About this exercise — Would you repeat the whole listing exactly, pictures excluded?

Data excerpt —

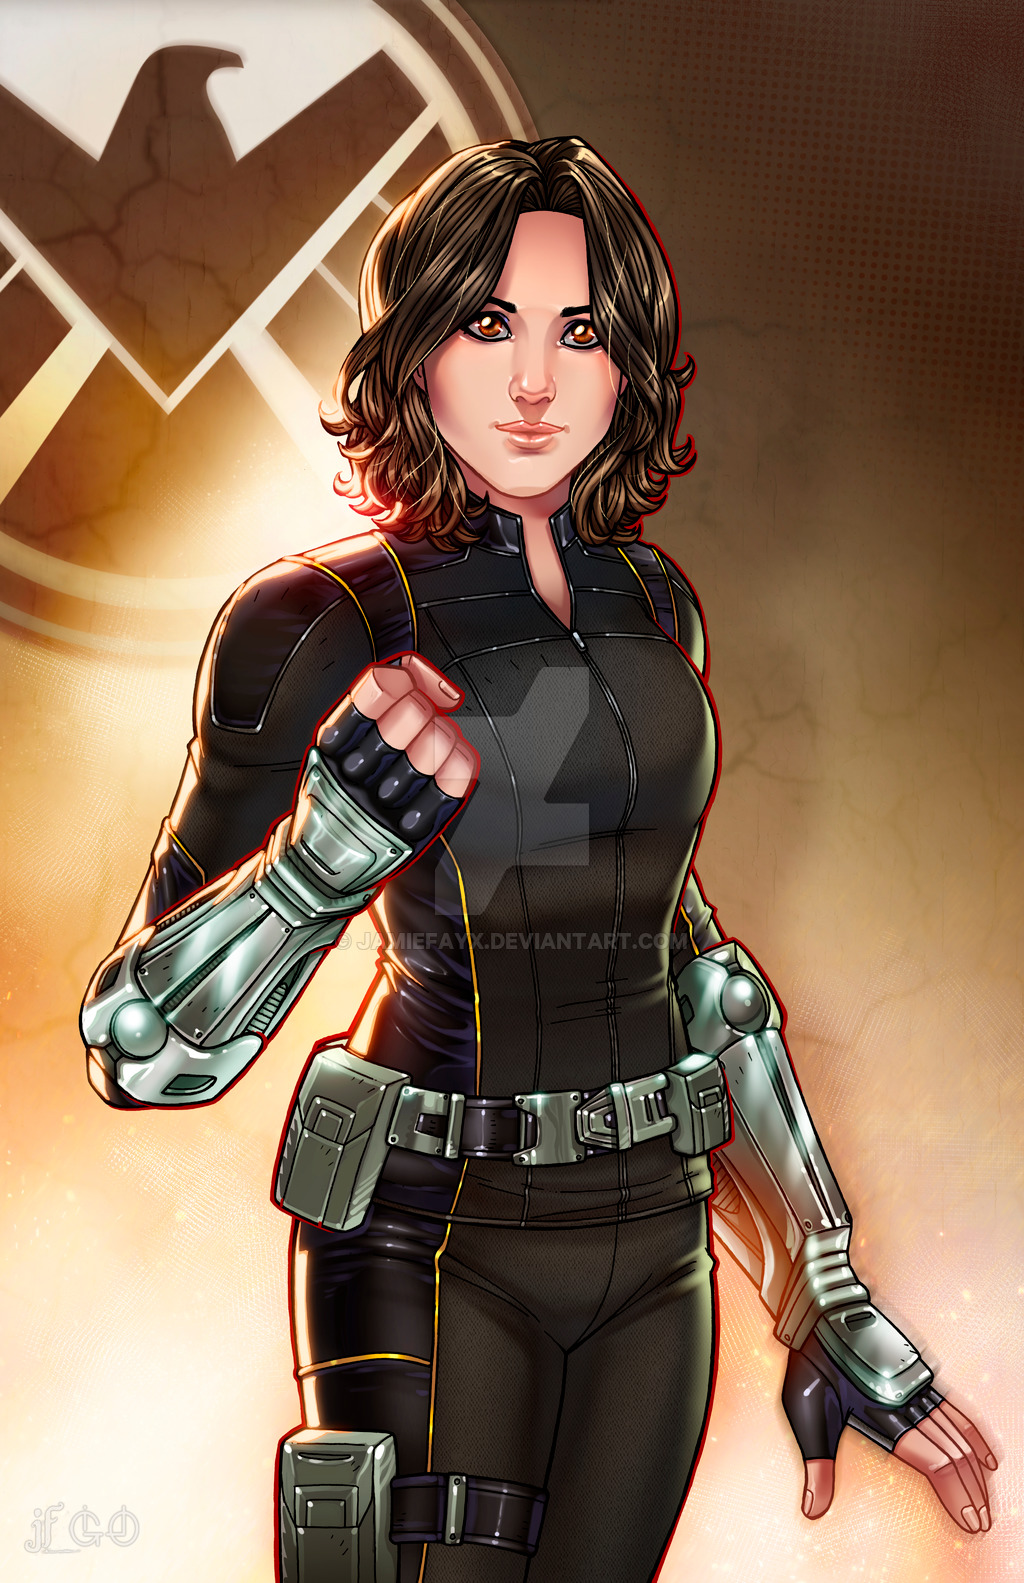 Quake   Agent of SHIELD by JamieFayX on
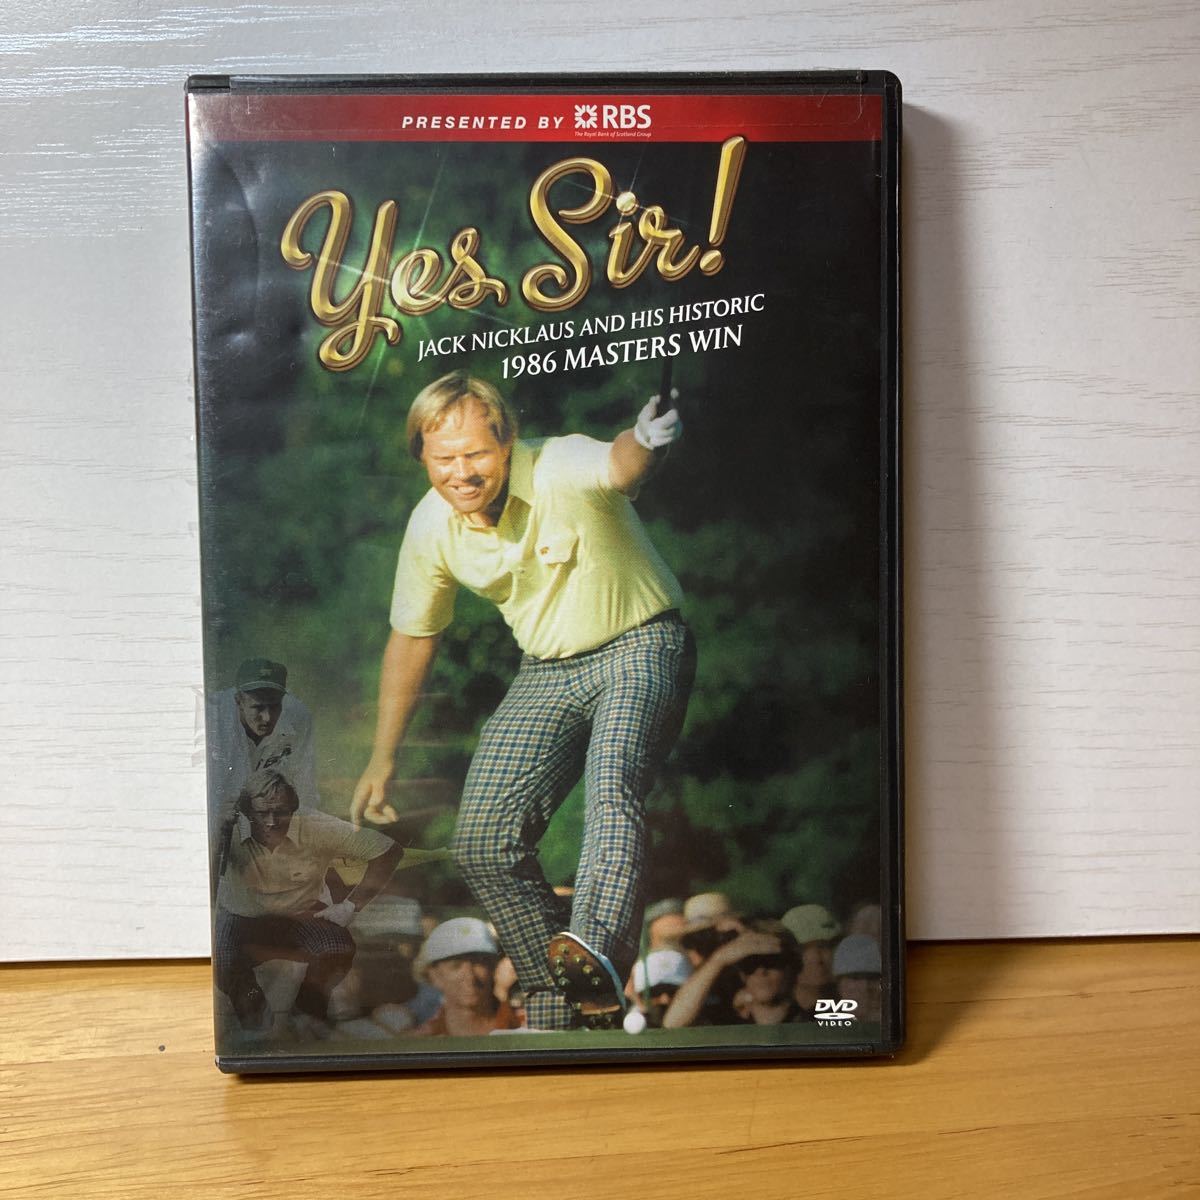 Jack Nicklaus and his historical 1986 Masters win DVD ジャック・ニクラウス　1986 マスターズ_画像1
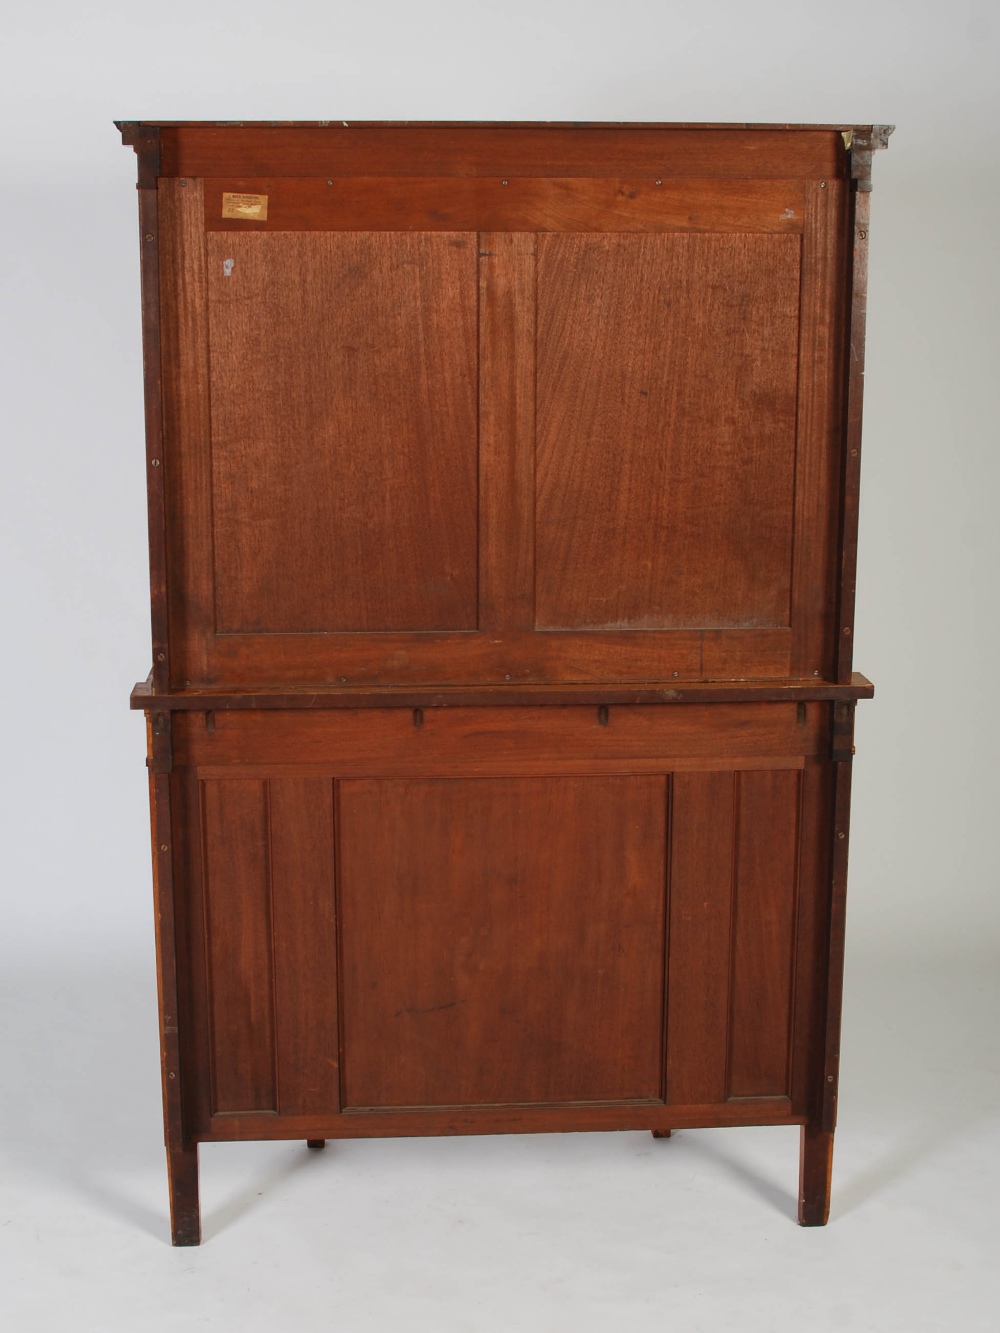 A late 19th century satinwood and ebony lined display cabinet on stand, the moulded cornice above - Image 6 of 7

Completed task —
 Quake   Agent of SHIELD by JamieFayX on
 Jack Nicklaus and his historical 1986 Masters win DVD ジャック・ニクラウス　1986 マスターズ_画像1
 A late 19th century satinwood and ebony lined display cabinet on stand, the moulded cornice above - Image 6 of 7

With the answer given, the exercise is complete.